• Task: Only one stretch of the data below is wanted: the lines from the one with "Wappen der FamilieVial" through the one with "Roßmarktbrunnen in Dachau, dahinter", repeated exactly.

..............................

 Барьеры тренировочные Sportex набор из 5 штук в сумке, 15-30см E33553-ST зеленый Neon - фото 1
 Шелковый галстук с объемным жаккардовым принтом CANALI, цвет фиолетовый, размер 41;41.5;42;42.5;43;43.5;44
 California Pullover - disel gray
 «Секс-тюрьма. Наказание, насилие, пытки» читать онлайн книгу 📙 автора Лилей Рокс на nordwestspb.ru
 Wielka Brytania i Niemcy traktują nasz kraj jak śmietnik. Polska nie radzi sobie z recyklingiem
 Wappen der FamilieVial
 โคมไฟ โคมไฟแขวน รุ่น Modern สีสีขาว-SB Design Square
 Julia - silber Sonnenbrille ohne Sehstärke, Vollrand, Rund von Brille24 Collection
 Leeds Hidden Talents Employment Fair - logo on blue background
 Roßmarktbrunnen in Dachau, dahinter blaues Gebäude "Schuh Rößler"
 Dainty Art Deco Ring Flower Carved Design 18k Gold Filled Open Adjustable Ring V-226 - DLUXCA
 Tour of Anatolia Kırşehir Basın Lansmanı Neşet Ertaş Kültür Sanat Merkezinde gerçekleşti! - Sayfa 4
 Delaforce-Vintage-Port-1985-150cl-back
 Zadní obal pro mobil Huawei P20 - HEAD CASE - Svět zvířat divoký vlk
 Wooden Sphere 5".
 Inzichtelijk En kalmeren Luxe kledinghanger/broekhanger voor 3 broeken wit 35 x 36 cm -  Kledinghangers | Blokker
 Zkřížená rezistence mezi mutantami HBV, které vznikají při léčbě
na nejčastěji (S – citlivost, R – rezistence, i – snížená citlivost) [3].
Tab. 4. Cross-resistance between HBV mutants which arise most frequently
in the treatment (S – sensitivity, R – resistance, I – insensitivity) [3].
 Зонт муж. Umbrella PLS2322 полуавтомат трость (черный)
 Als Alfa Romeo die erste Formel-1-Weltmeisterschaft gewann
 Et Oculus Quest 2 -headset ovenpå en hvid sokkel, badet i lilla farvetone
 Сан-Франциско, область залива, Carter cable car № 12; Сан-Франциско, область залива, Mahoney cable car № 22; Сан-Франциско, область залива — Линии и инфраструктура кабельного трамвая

..............................

• Expected answer:
 Wappen der FamilieVial
 โคมไฟ โคมไฟแขวน รุ่น Modern สีสีขาว-SB Design Square
 Julia - silber Sonnenbrille ohne Sehstärke, Vollrand, Rund von Brille24 Collection
 Leeds Hidden Talents Employment Fair - logo on blue background
 Roßmarktbrunnen in Dachau, dahinter blaues Gebäude "Schuh Rößler"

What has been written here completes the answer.